Afterward, checks if it is within the specified threshold. If positive, it directly returns the response from the cache; otherwise, it calls the `query_database` function to retrieve the data from ChromaDB.

I've used Euclidean distance instead of Cosine, which is widely employed in vector comparisons. This choice is based on the fact that Euclidean distance is the default metric used by Faiss. Although Cosine distance can also be calculated, doing so adds complexity that may not significantly contribute to the final result.


In [31]:
class semantic_cache:
  def __init__(self, json_file="cache_file.json", thresold=0.35):
      # Initialize Faiss index with Euclidean distance
      self.index, self.encoder = init_cache()

      # Set Euclidean distance threshold
      # a distance of 0 means identicals sentences
      # We only return from cache sentences under this thresold
      self.euclidean_threshold = thresold

      self.json_file = json_file
      self.cache = retrieve_cache(self.json_file)

  def ask(self, question: str) -> str:
      # Method to retrieve an answer from the cache or generate a new one
      start_time = time.time()
      try:
          #First we obtain the embeddings corresponding to the user question
          embedding = self.encoder.encode([question])

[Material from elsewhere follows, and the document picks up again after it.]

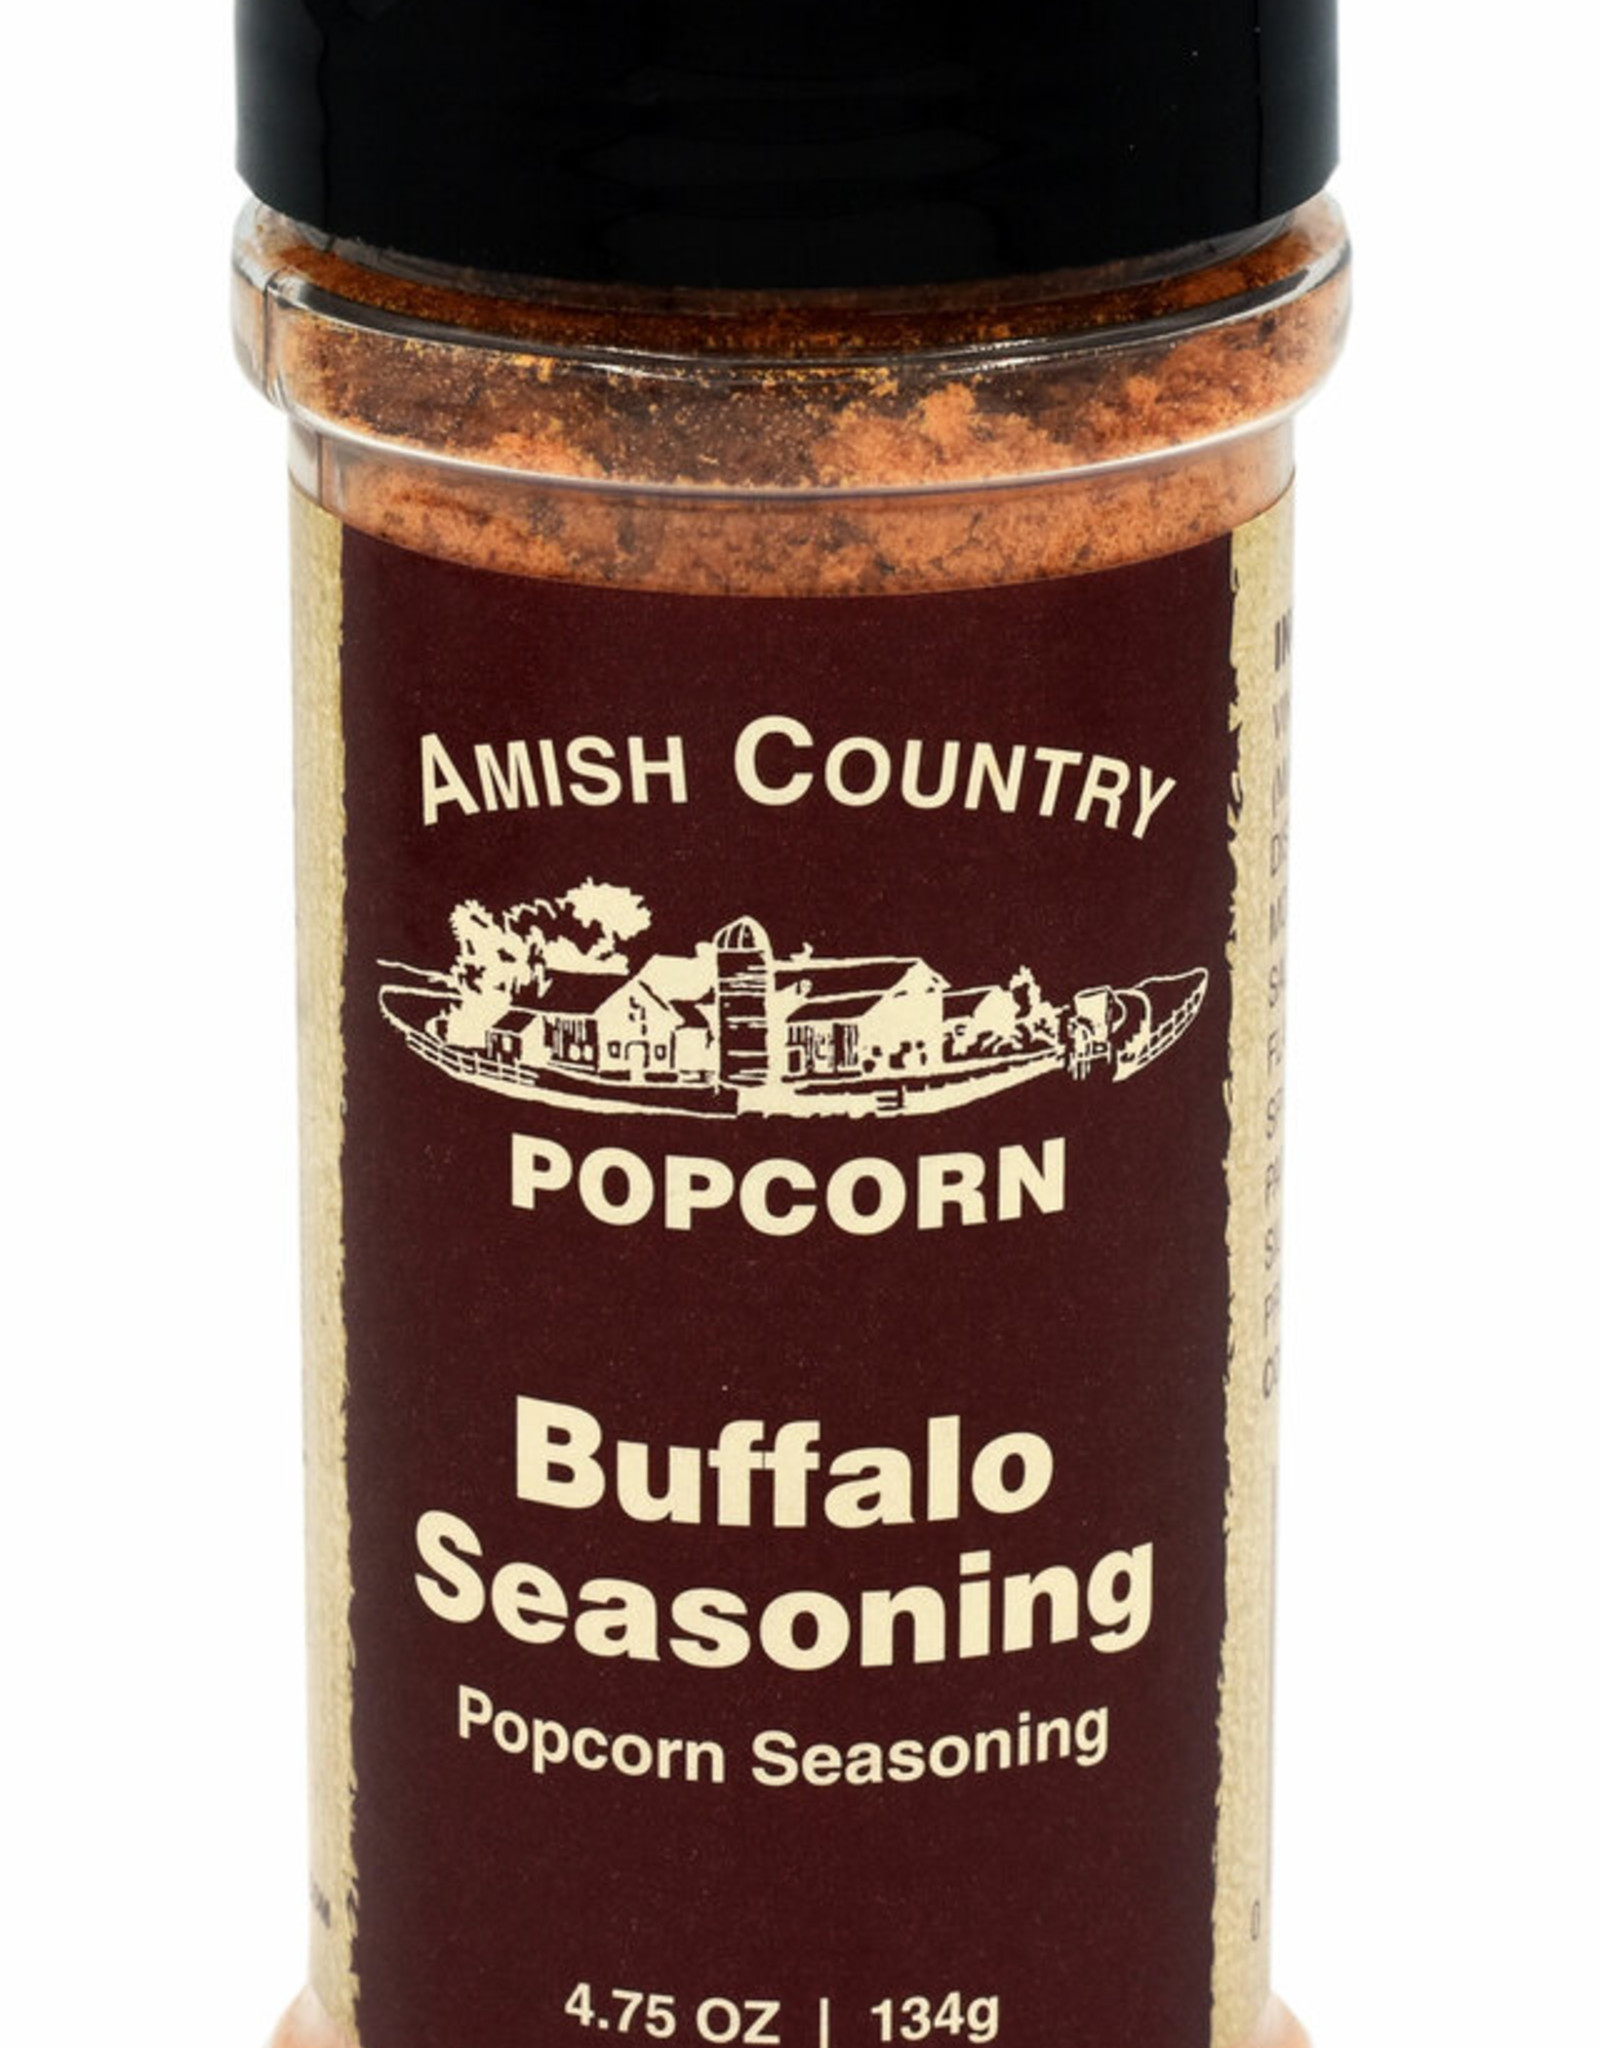 Amish County Popcorn Popcorn Seasoning
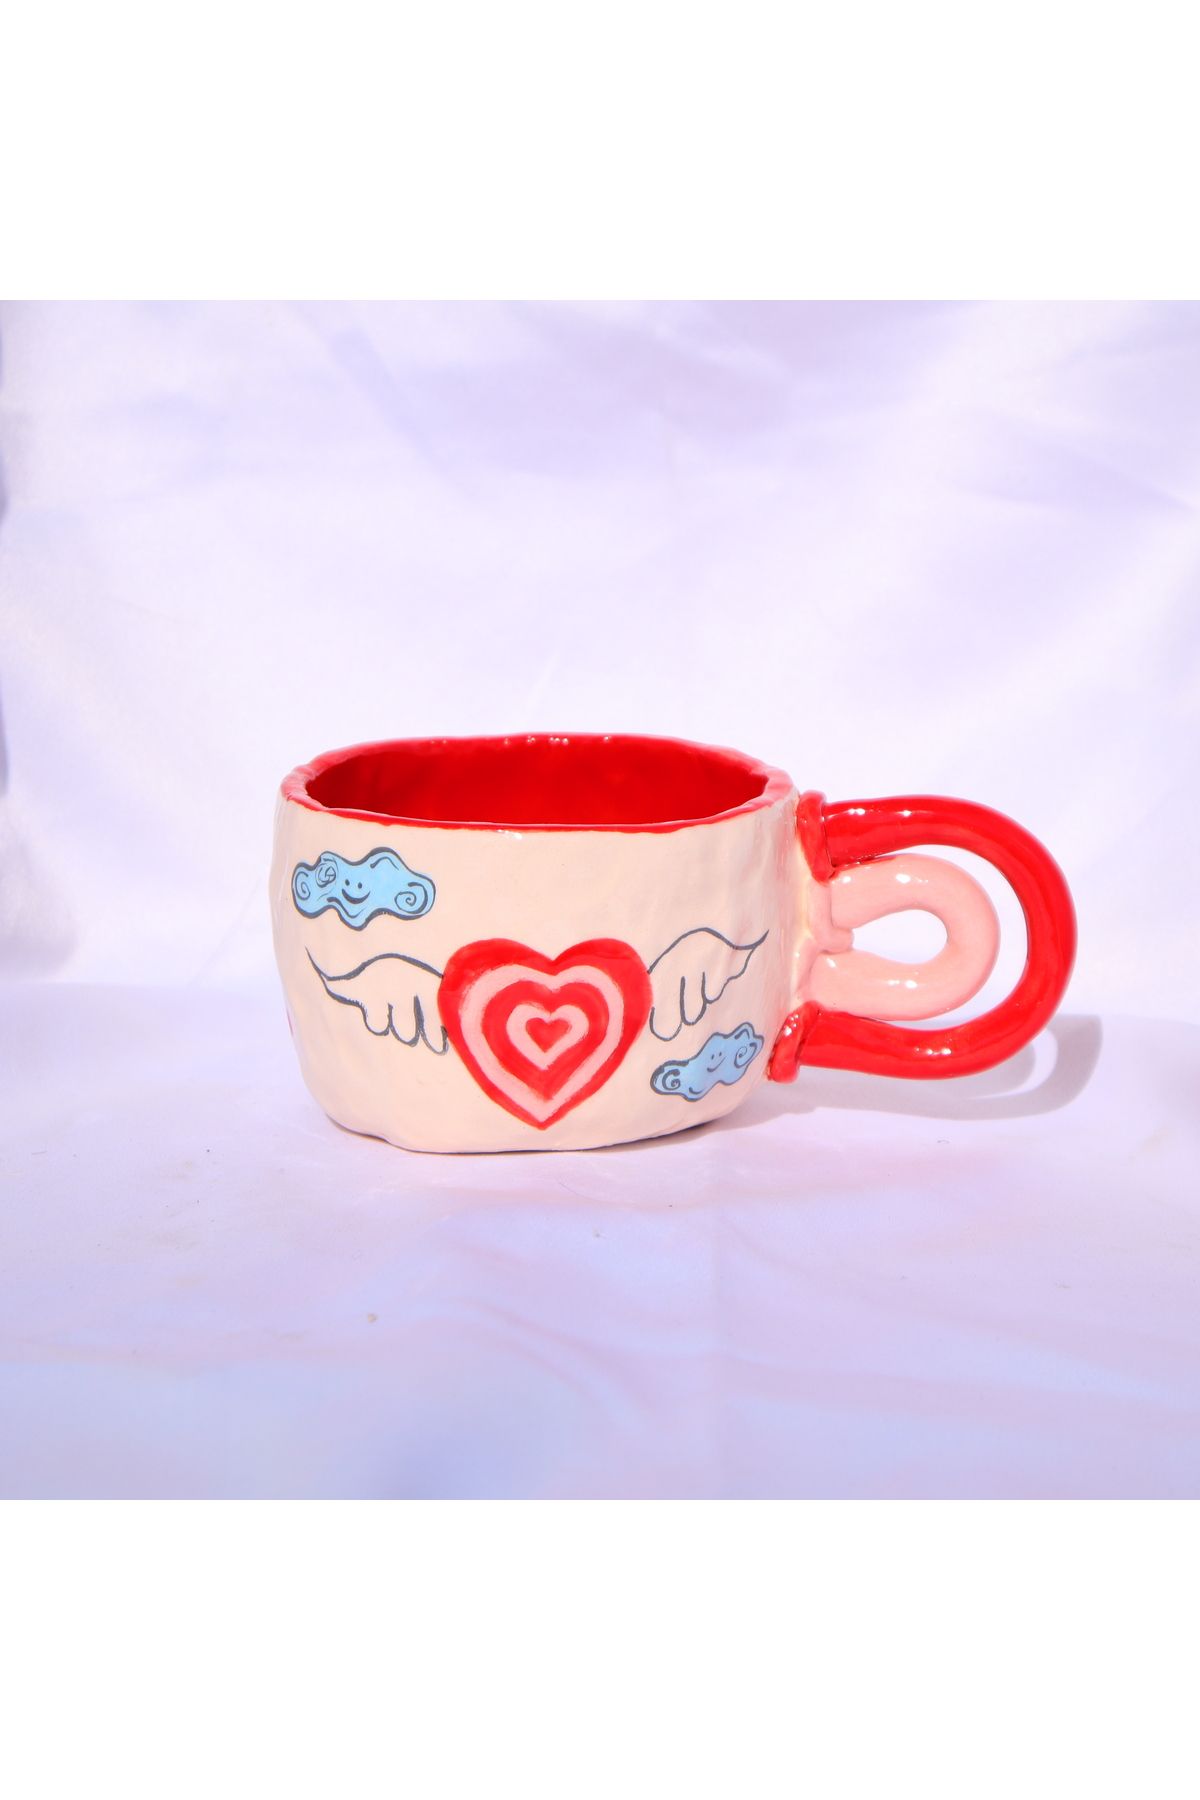 Lily & Loly Ceramics Kanatlı Kalp Desenli El Yapımı Seramik Kupa - Özel 200 ml Sevgililer Günü Hediyesi

          # Search for the nearest neighbor in the index
          self.index.nprobe = 8
          D, I = self.index.search(embedding, 1)

          if D[0] >= 0:
              if I[0][0] >= 0 and D[0][0] <= self.euclidean_threshold:
                  row_id = int(I[0][0])

                  print('Answer recovered from Cache. ')
                  print(f'{D[0][0]:.3f} smaller than {self.euclidean_threshold}')
                  print(f'Found cache in row: {row_id} with score {D[0][0]:.3f}')
                  print(f'response_text: ' + self.cache['response_text'][row_id])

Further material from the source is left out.